アメット

 流石に今の反応で、シオンはクローリアが何を抱いているのか大体理解する。

 しかしそれについて、シオンは明確な言葉を発することはしない。

 ただ、彼女の反応は嬉しかったのだろう、心がチクっと痛みだすが、これについてもシオンは言葉として表すことはしない。

「有難うございます」

「……いや」

 だが、後の言葉が続かない。

 暫くの沈黙の後、やっとの思いで口に出したのは、治療に必要な道具を持って来るというもの。

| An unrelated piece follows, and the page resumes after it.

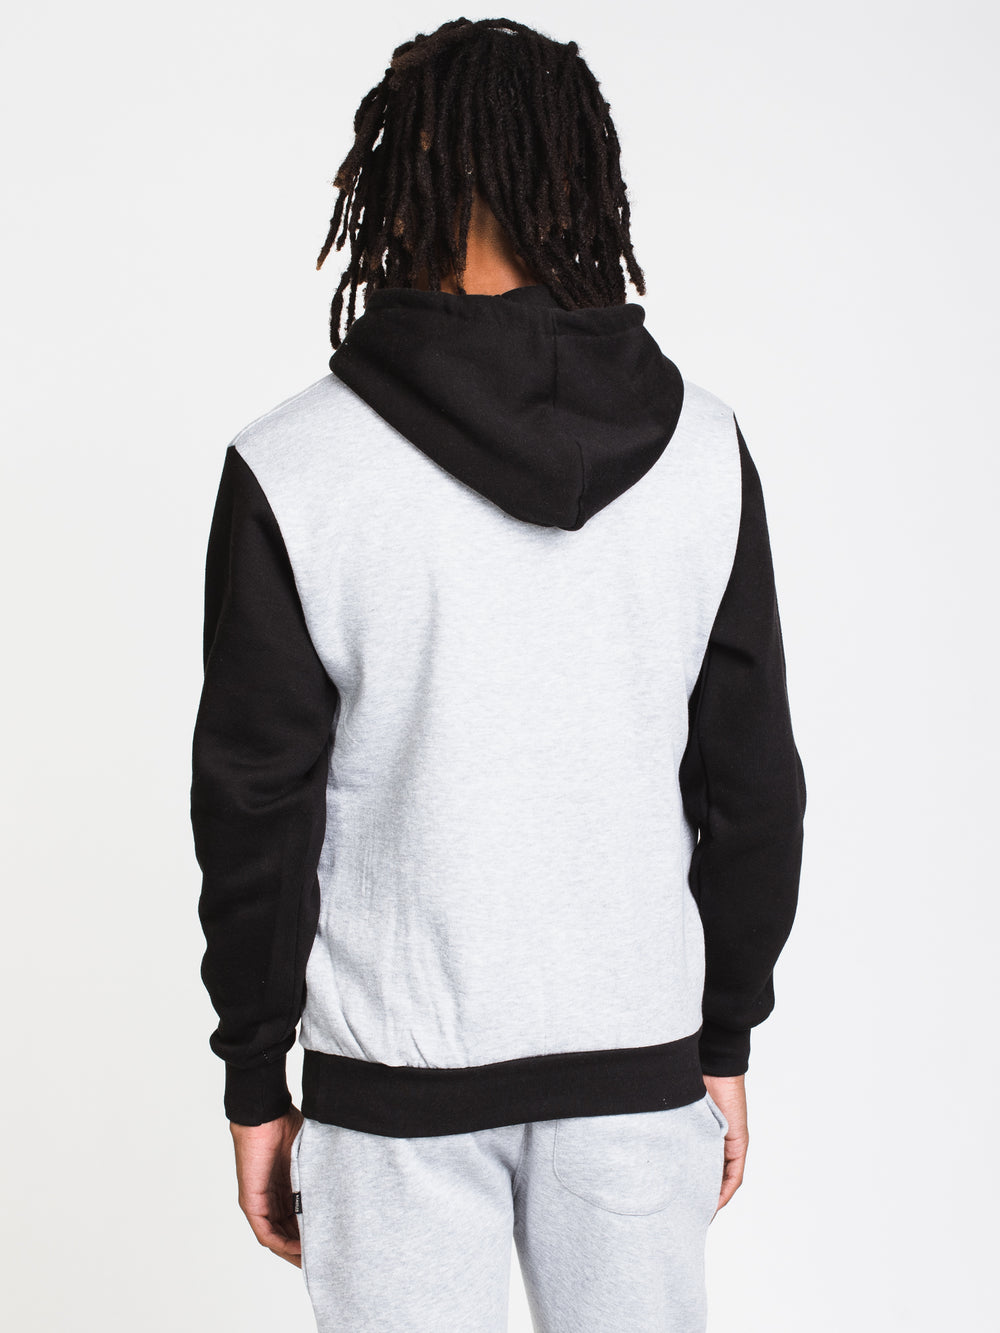 CROOKS & CASTLES REVERSE LOGO PULLOVER HOODIE - CLEARANCE

 また、痛みが続くようであったら、暫く父親の世話になっていいという。

 シオンの提案にクローリアは頭を振ると、自分は家政婦なのでシオンの世話をしないといけないと話す。

「だけど……」

「い、いけませんか?」

「……クローリアの性格は、そうだったね」

 根が真面目なクローリアは、仕事を忠実にこなす。

 そして、一人にされることを拒む。

 そのことを思い出したシオンは苦笑しつつ、彼女の願いを受け入れることにした。

 シオンが一緒に帰宅することを許してくれたことにクローリアの表情は綻び、嬉しそうにしている。

 彼女にとって側にいられることが幸福に繋がるのだろう、抱いている気持ちを鮮明にする。

「後で」

「はい」

 その言葉を残し、シオンは退室する。

 そしてドアを閉めると同時に、シオンはクローリアとの間に存在する壁について考え込む。

 どうすればいいか――

 まだ、答えは出ない。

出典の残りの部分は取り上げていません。